▸ EXERCISE GOAL
Please reproduce the lines of the records below from the one holding "Ferienwohnungen Fischkalter Ramsau-Berchtesgaden" through the one holding "Keto Jalapeno Popper Fat Bombs", inclusive, skipping all pictures.

▸ DATA

+ + + + + + +

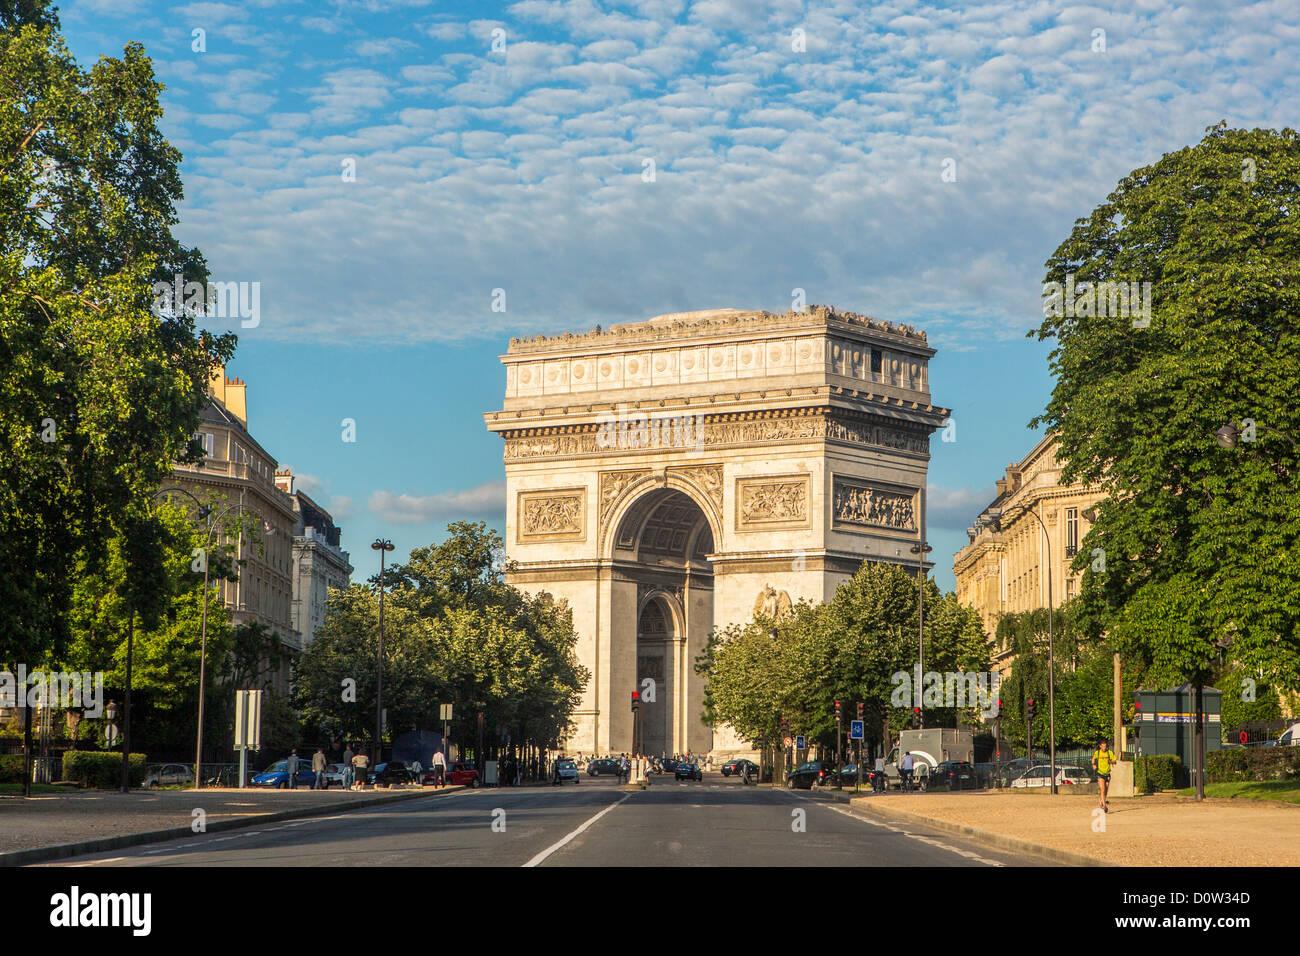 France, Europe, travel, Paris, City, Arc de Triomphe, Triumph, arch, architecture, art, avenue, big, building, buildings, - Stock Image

+ + + + + + +

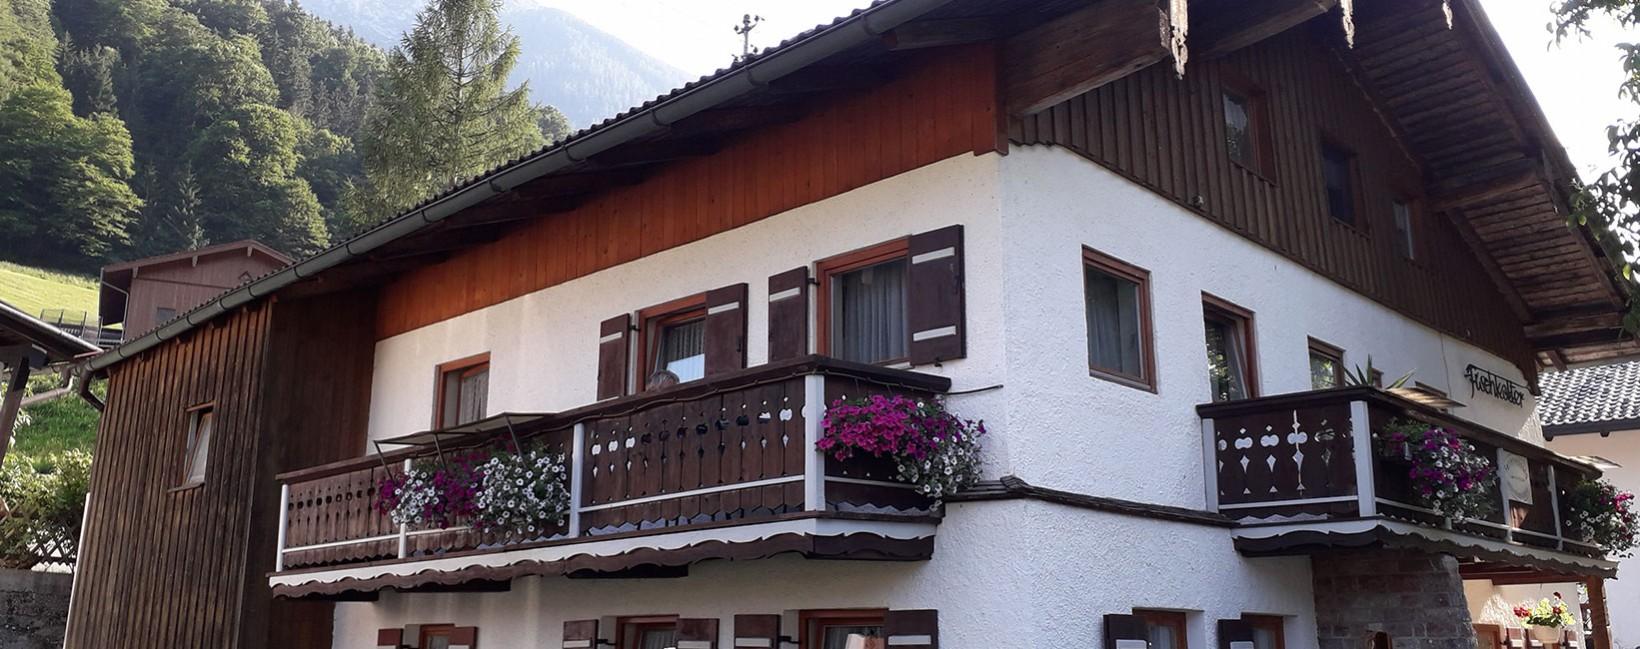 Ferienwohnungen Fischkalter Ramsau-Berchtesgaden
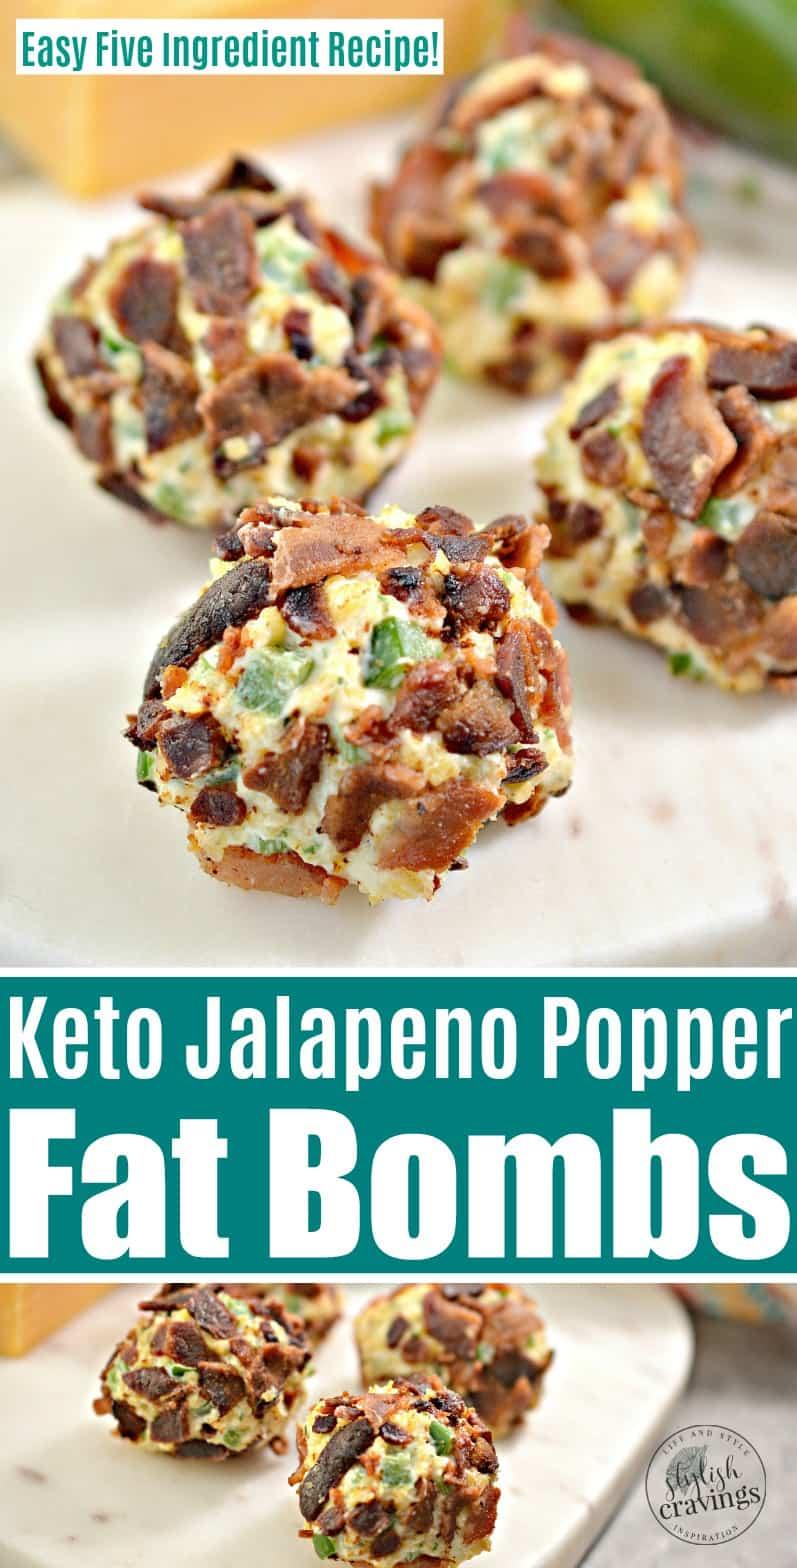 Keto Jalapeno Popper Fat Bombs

+ + + + + + +

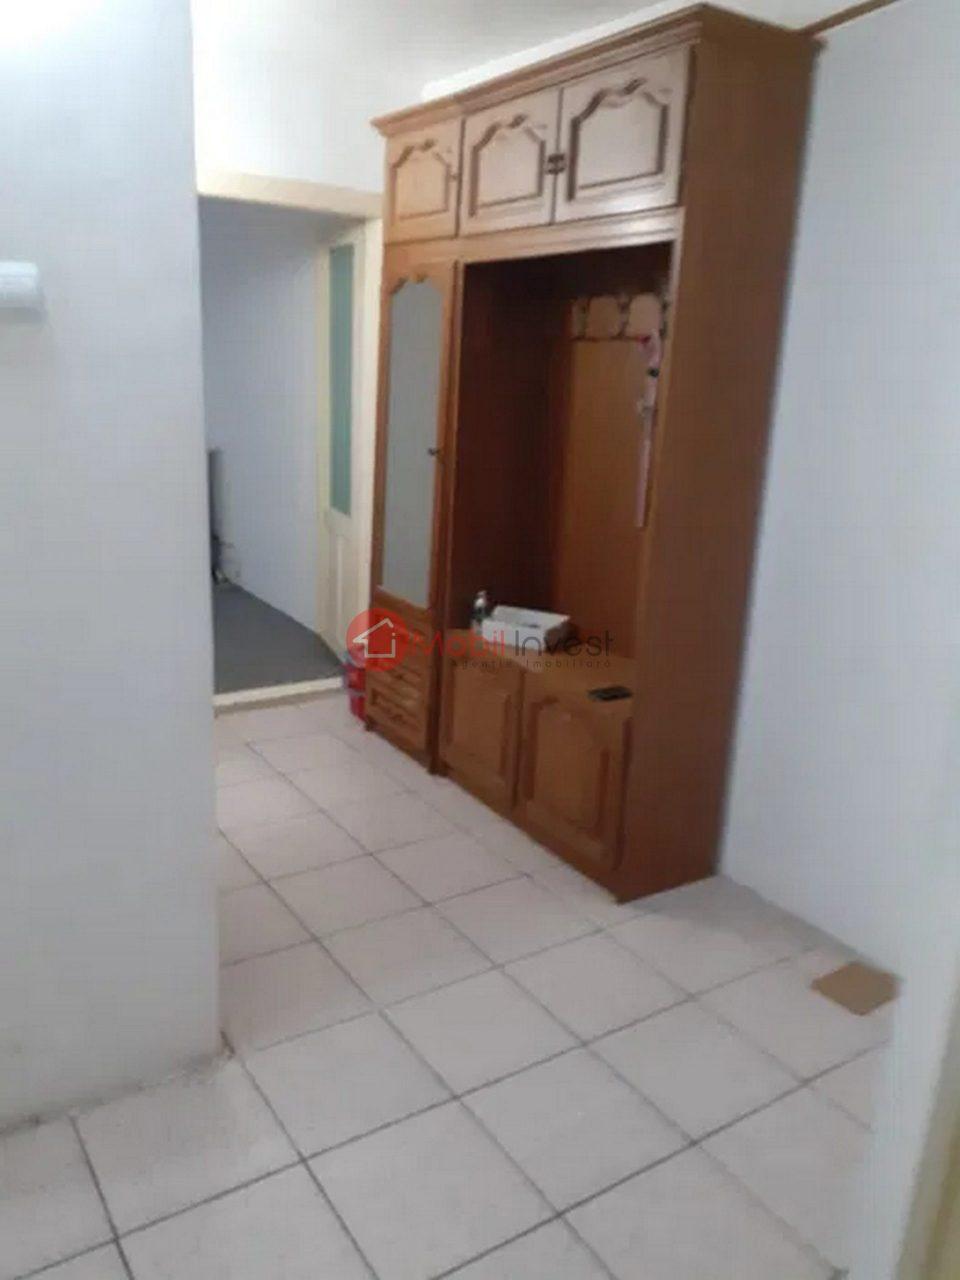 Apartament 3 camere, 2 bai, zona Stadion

+ + + + + + +

▸ RESPONSE TO THE EXERCISE
 Ferienwohnungen Fischkalter Ramsau-Berchtesgaden
 Keto Jalapeno Popper Fat Bombs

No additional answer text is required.